Figure 1. Frequency-domain analytical framework for cfDNA end-motif (EDM) analysis: (A) Extraction of k-mer EDM features from the 5′ termini of cfDNA fragments, generating sequence-domain representations (k = 4, 5, 6). (B) Transformation into the frequency domain using Discrete Fourier Transform (DFT). After normalization and nonlinear scaling, DFT is applied to the EDM profiles to generate amplitude spectra. (C) Construction of the Ensemble Spectral Model (ESM) for cancer diagnosis. Base learners, including support vector machine (SVM), random forest (RF), logistic regression (LR), and gradient boosting decision trees (GBDT), are trained on multi-scale spectral features. Their predicted probabilities are concatenated and used as input to a secondary SVM classifier in a stacking-based framework.

Figure 2. Diagnostic performance of multi-scale raw EDM features across datasets. (A) Area under the receiver operating characteristic curve (AUC) of the motif diversity score (MDS). (B) AUC of SVM classifiers based on raw EDM frequency features. Error bars above each bar indicate 95% confidence intervals (95% CI).

Figure 3. Frequency-domain transformation of EDM profiles in the Cristiano dataset. (A) Mean raw EDM frequency profiles of cancer and non-cancer samples across 4-mer, 5-mer, and 6-mer motifs. (B) Corresponding amplitude spectra after DFT. R indicates the Spearman correlation coefficient between the mean feature profiles of cancer and non-cancer samples. All mean feature lines shown in the figures are accompanied by shaded areas representing 95% CI.

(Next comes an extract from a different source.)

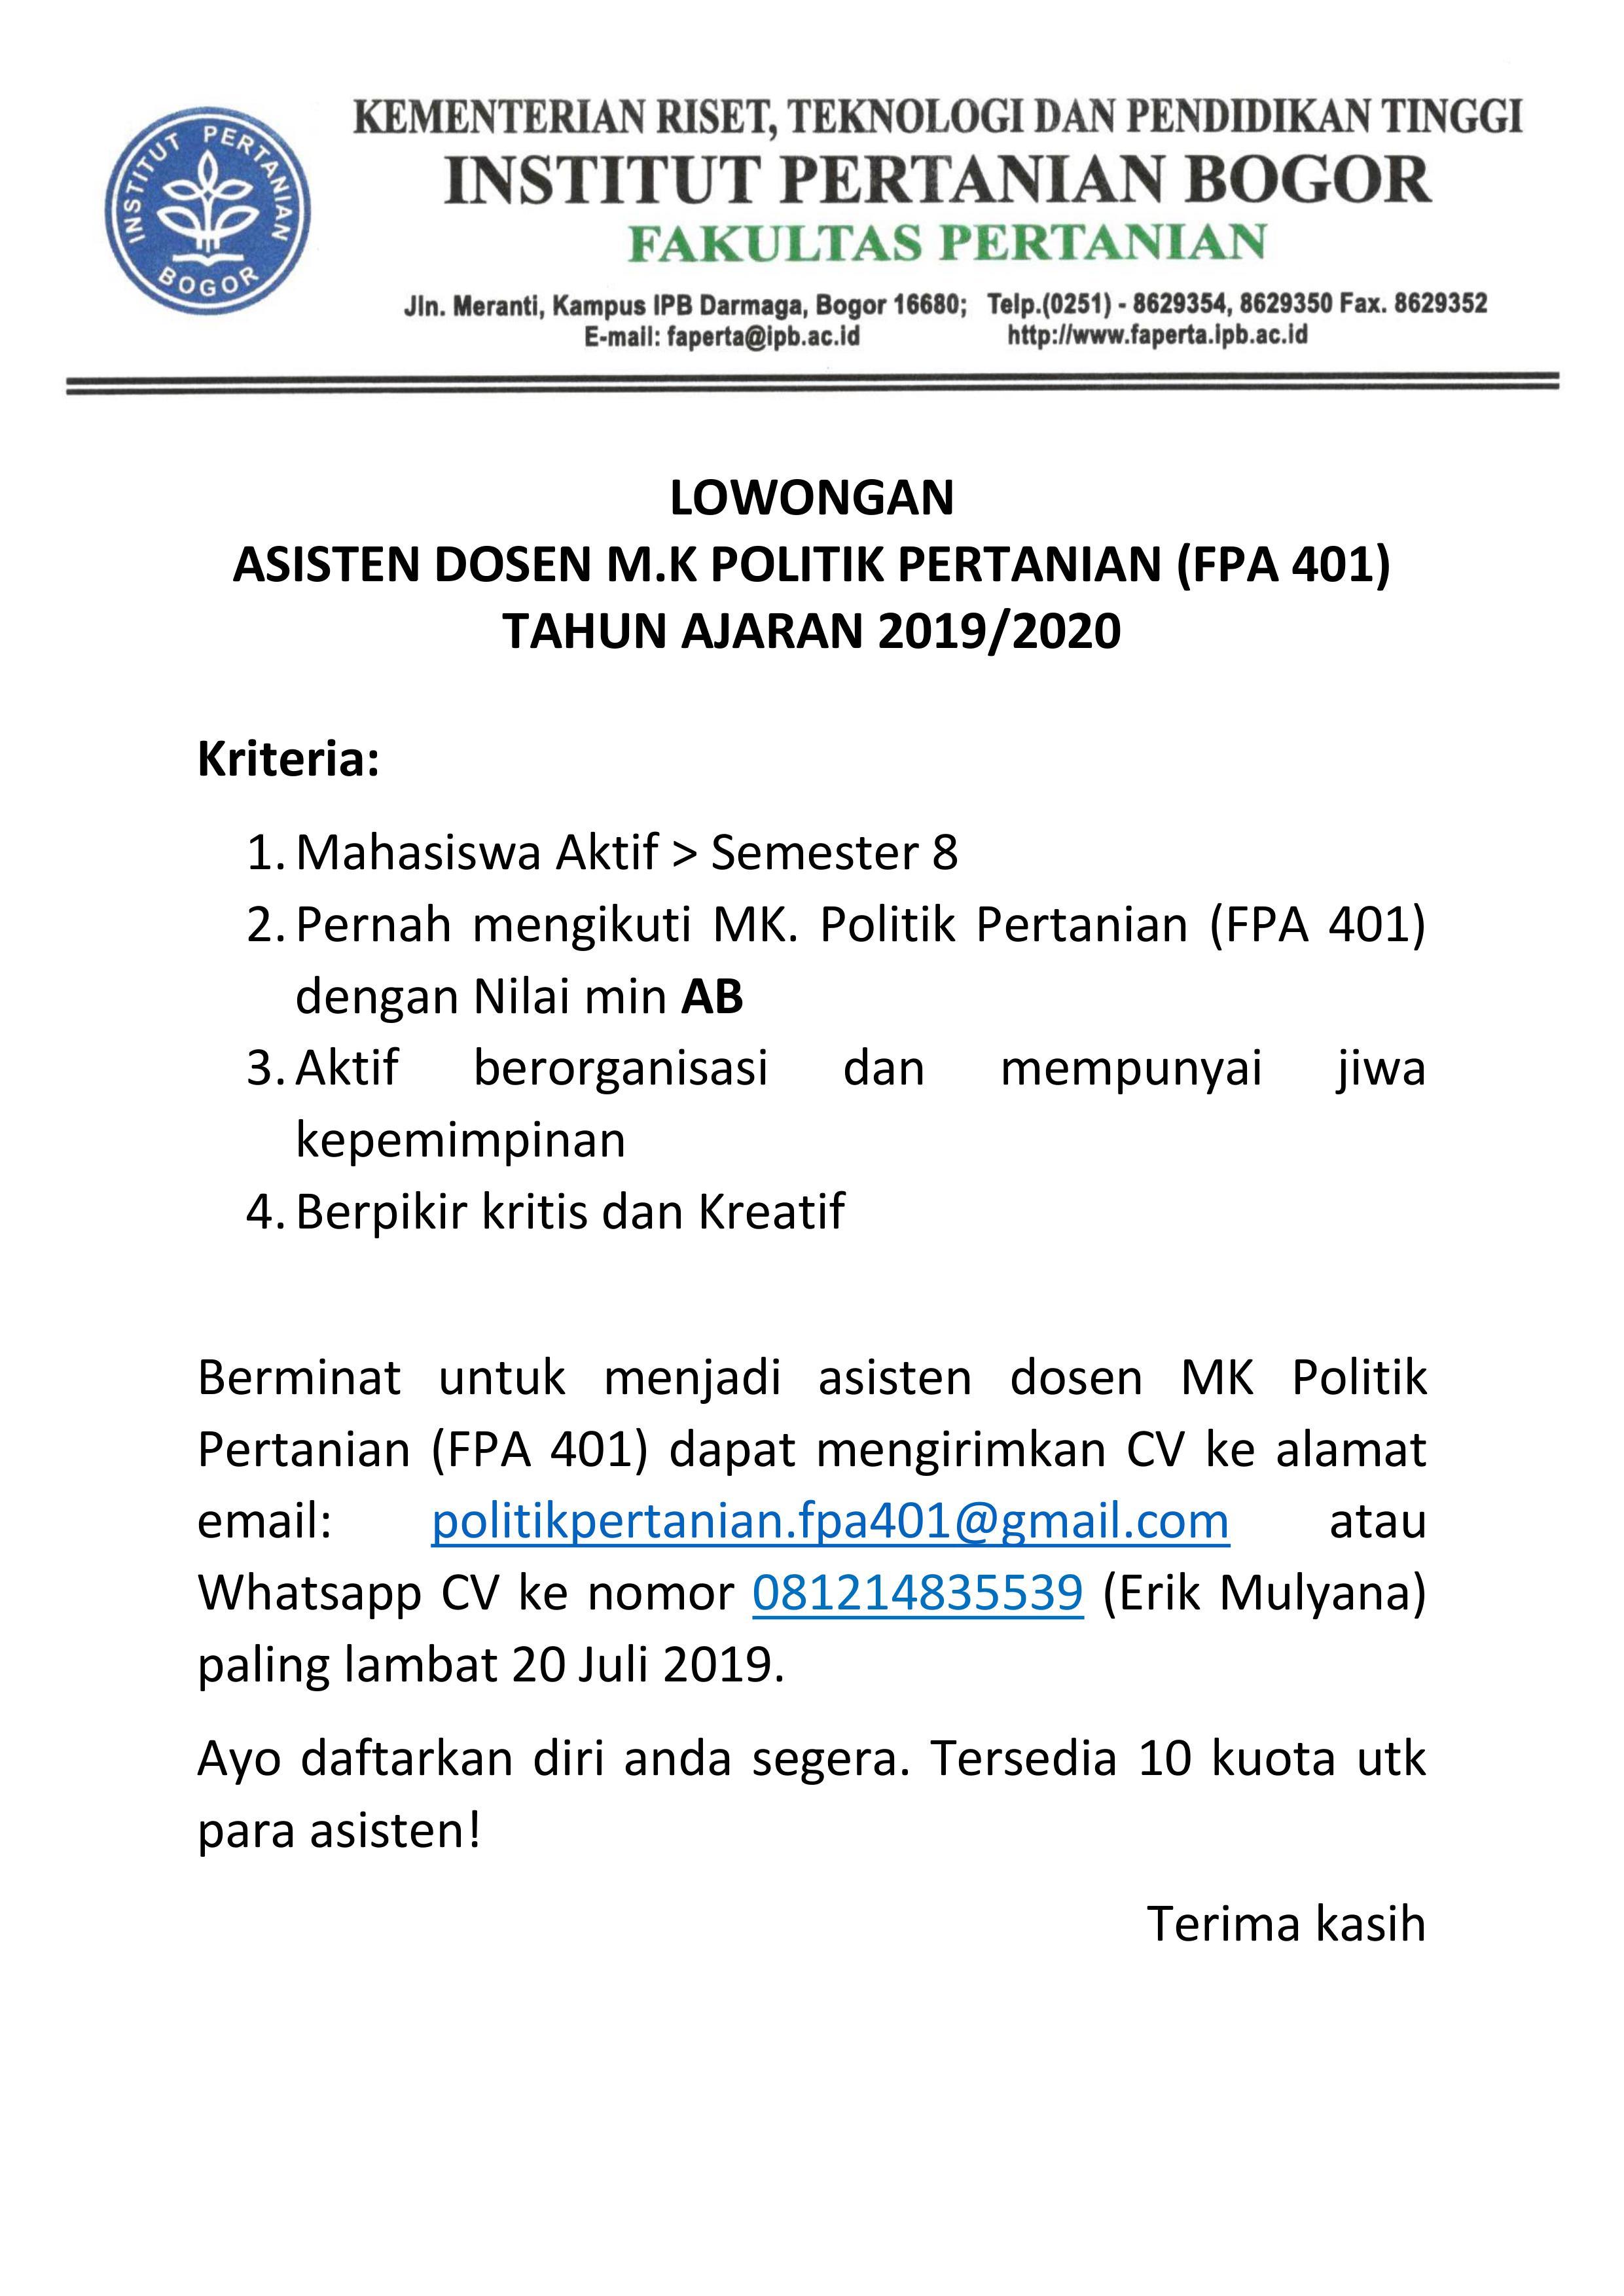 Lowongan Asisten Dosen Mk Politik Pertanian Faperta Ipb
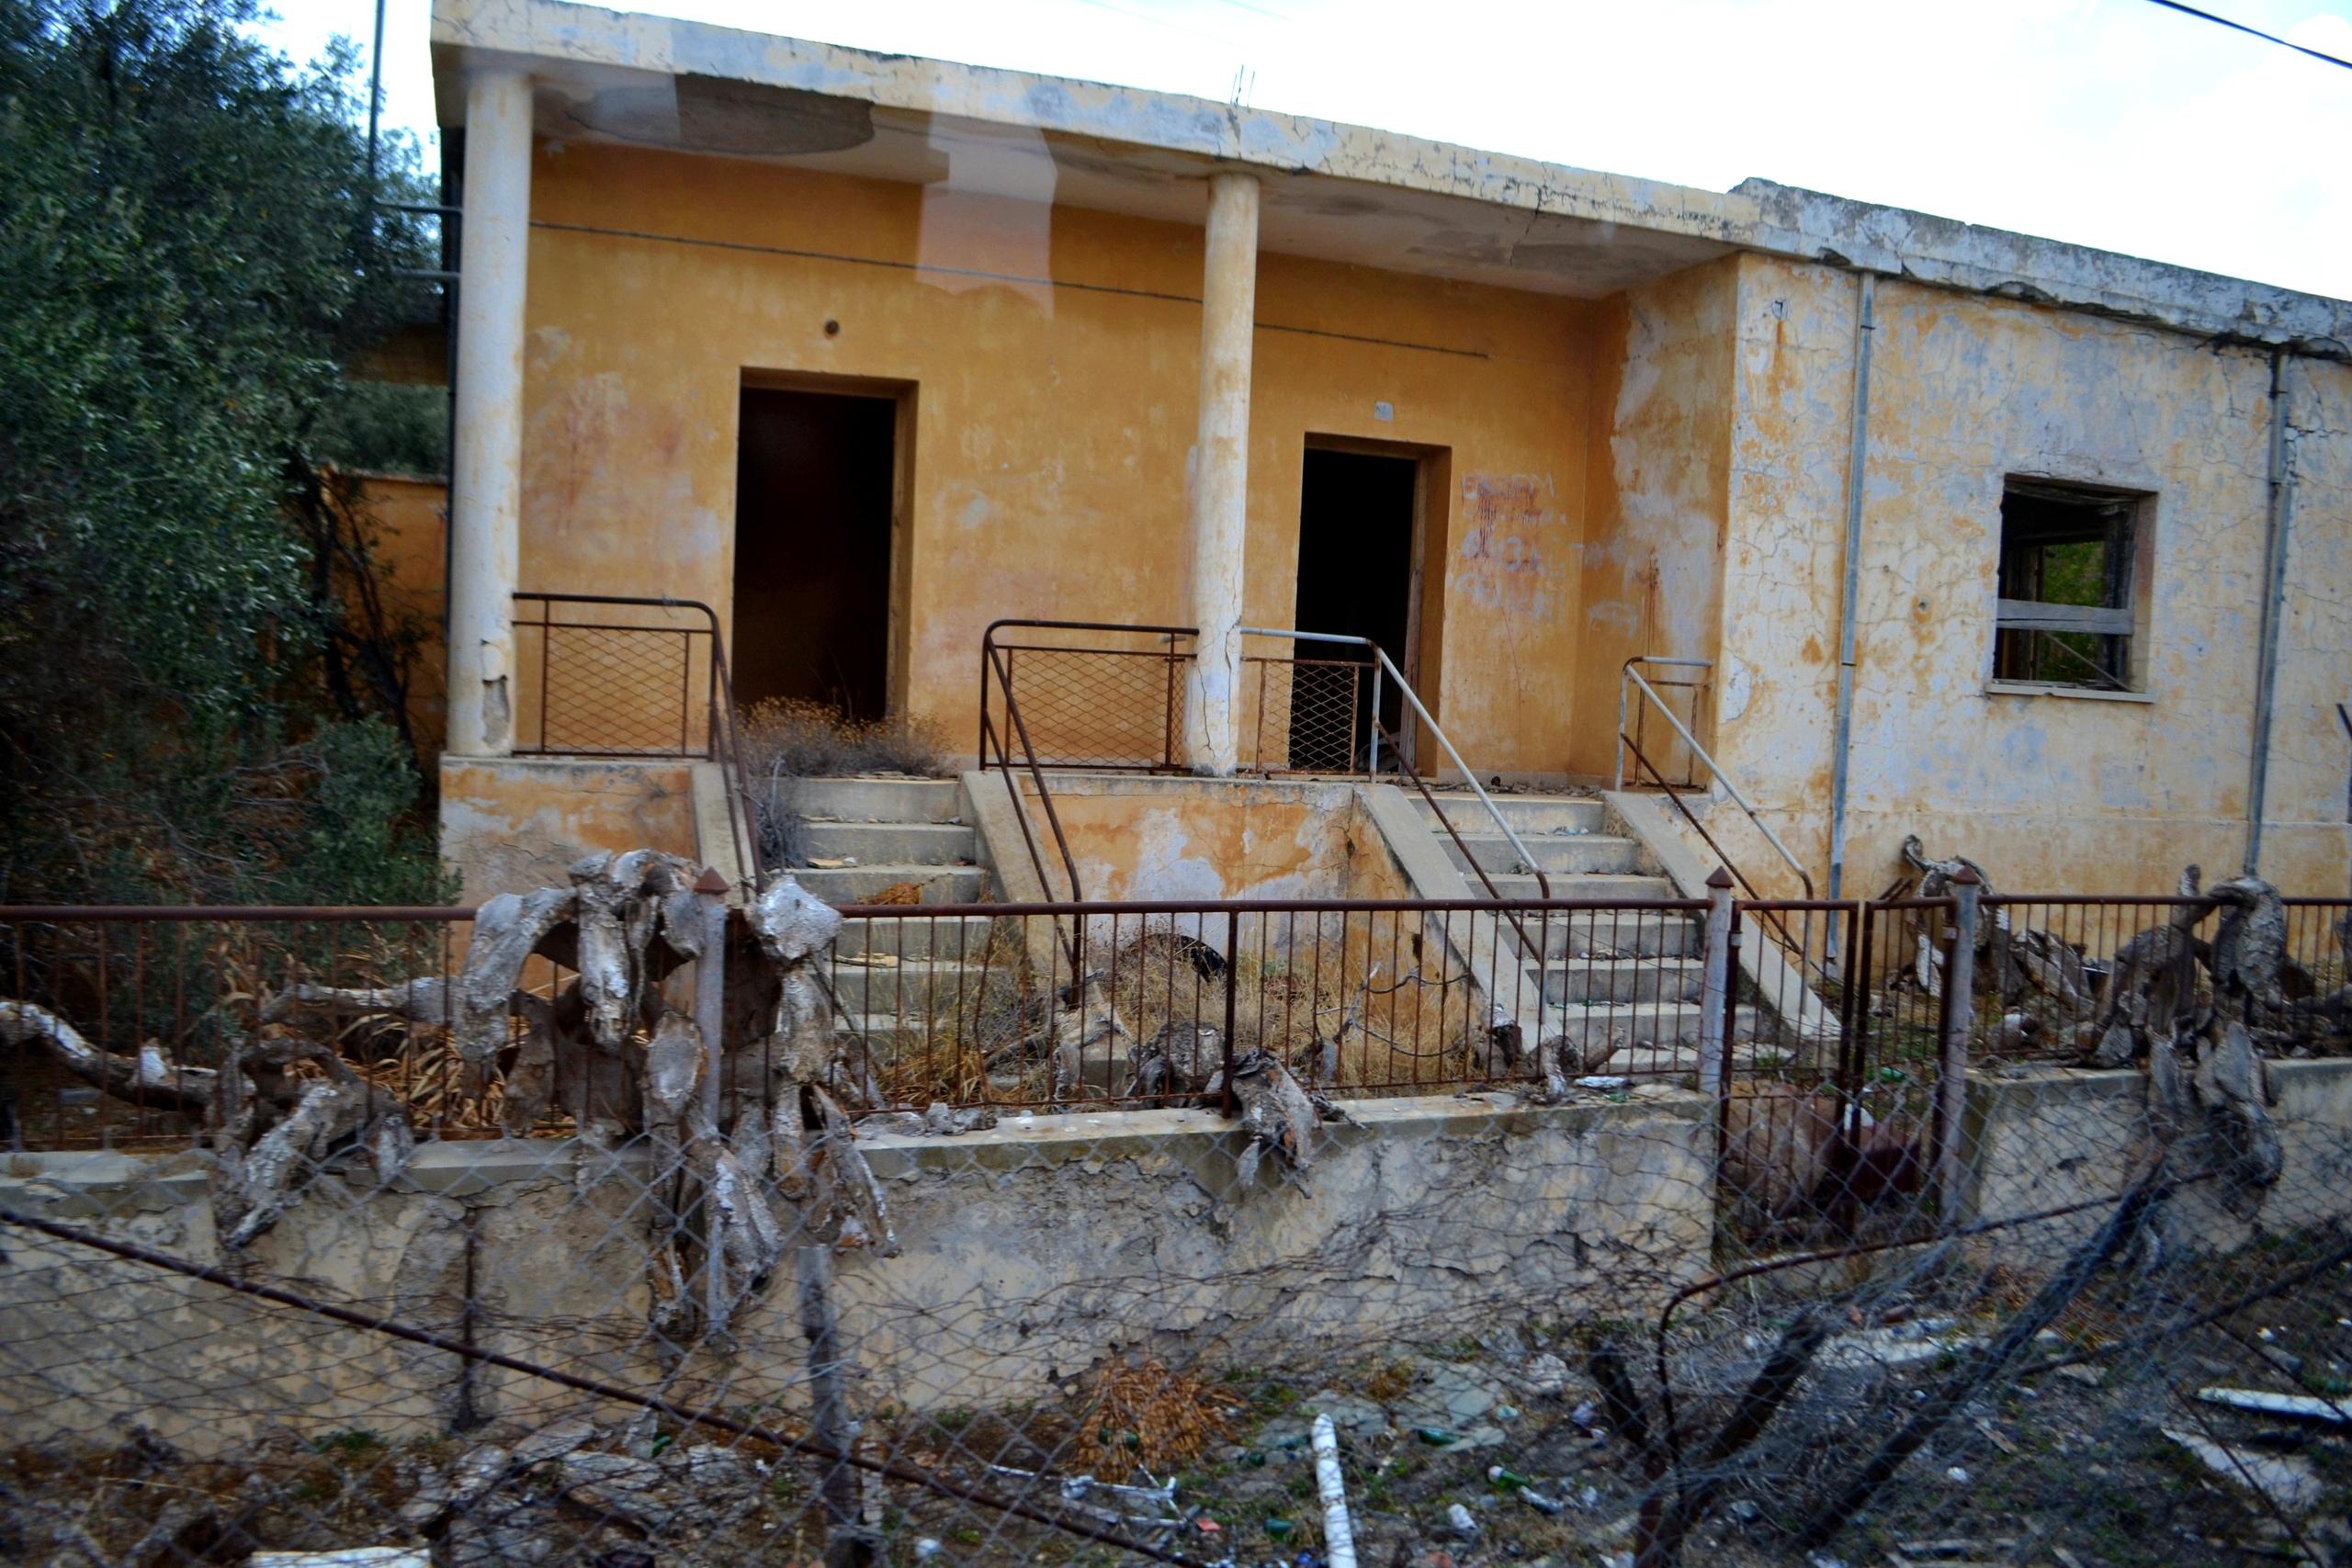 Елена Руденко (Валтея). Северный Кипр. Кериния и Фамагуста. (фото) - Страница 3 HR7tkK_Jq9A

Figure 4. Evaluation of signal transformation methods and modeling strategies based on 4-mer EDM features. (A) Comparison of diagnostic performance among features generated by DFT, Discrete Cosine Transform (DCT), and wavelet transform using SVM. (B) Comparison of diagnostic performance among different machine learning models trained on 4-mer amplitude spectrum features, including SVM, LR, RF, and GBDT. (C) Distribution of AUC values from 1000 motif-order permutations of 4-mer EDM features followed by DFT transformation and SVM classification.

Figure 5. Performance comparison of the ESM and baseline methods across datasets. (A) Comparison of diagnostic performance using amplitude spectral features. (B) Receiver operating characteristic (ROC) curves comparing ESM with baseline methods, including 4-mer MDS and SVM models based on raw 4-mer EDM features. (C) Sensitivity at 95% specificity for ESM and baseline methods.

Figure 6. Frequency-guided motif attribution and functional annotation of 4-mer spectral features in the Mathios LUCAS dataset. (A) Top differential 4-mer motifs identified after frequency-domain filtering and sequence-domain reconstruction. (B) Regulatory landscape of candidate transcription factor (TF) families associated with differential motifs. (C) Gene Ontology (GO) biological process enrichment analysis of TF-regulated target genes.

Table 1. Data information for all datasets.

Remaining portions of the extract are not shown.